In fact the entire film is very quiet, subtle, formal and clinical. “Menstruation is just one routine step in a normal and natural cycle that is going on continuously in the body,” soothes the narrator while she reminds us that there is an accompanying free book available in case the information supplied by this film is so overwhelming that a viewer isn’t able to retain it all.

That booklet was entitled “Very Personally Yours” and was filled with promotional material for Kotex brand feminine products and included Disney artwork from this educational short. The 1947 edition has a cover that features a somewhat sophisticated female hand holding an engraved card that says “Very Personally Yours” with no hint what the contents might be. Jim also has a copy of the book in his collection and it is approximately 5 by 7 inches, small enough to slip into a purse, with twenty pages of text. In the side margins are drawings from the film but interestingly, there is no Disney copyright in evidence anywhere in the book. The final text pages are very directly aimed at promoting a variety of Kotex products for feminine hygene. Since the Disney film was run for at least two decades after its creation, the booklet was updated over the years and I don’t know how much of the Disney artwork remained in later editions.

However, someone decided that about three-quarters of the way through the film it would be okay to include a moment or two of humor so we see a girl being bounced violently while trying to ride a horse. A much more blatant piece of slapstick is when a girl is cleaning a big green stuffed chair and picks it up, looks shocked and lets it drop, sending it crashing through the floor while the narrator is warning that normal exercise is fine but “it is going to extremes that’s wrong and to be avoided.”

The film ends with the same yawning baby in the basinet, to not only save money by re-using animation but to suggest that the baby at the beginning of the film grew up to be a young girl and taking careful heed of the information in the film got married and became a young mother with a baby of her own.

“And that’s the story.
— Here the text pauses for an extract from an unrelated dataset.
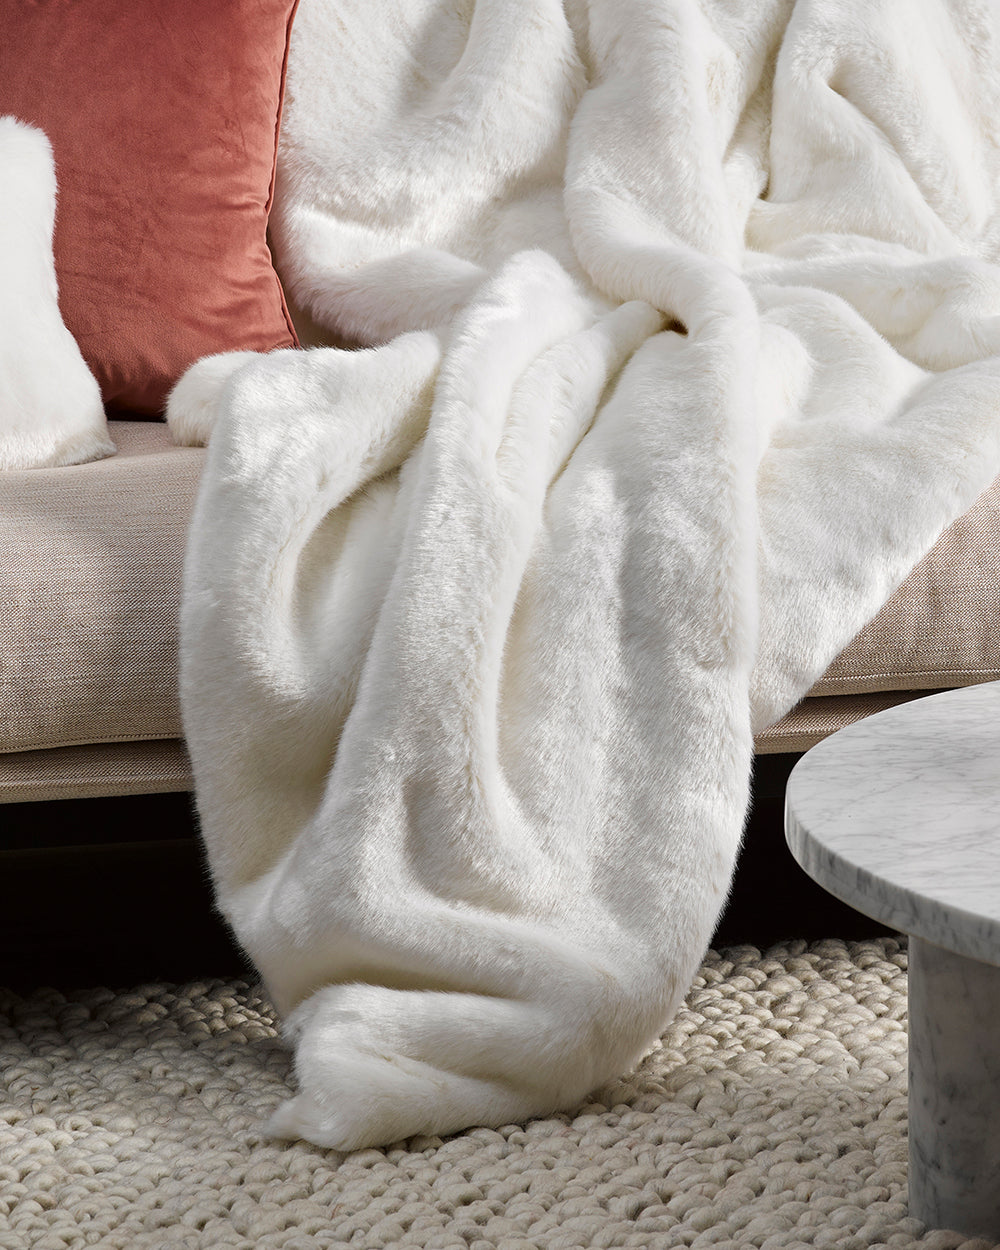 Heirloom Polar Bear Throw Rug Blanket in Faux Fur is available from Make Your House A Home Premium Stockist. Furniture Store Bendigo, Victoria. Australia Wide Delivery.

There’s nothing strange nor mysterious about menstruation. All life is built on cycles and the menstrual cycle is one normal and natural part of nature’s eternal plan of passing on the gift of life.”

Then there is a final title card stating: “Presented with the compliments of Kimberly-Clark, makers of Kotex products.”

Disney produced several educational films before determining that is was both unprofitable and unproductive for his studio and turned his attention to other projects like the world’s first theme park.

I would like to thank Jim Korkis for allowing me to share with other Disneyphiles the story of this curious educational film.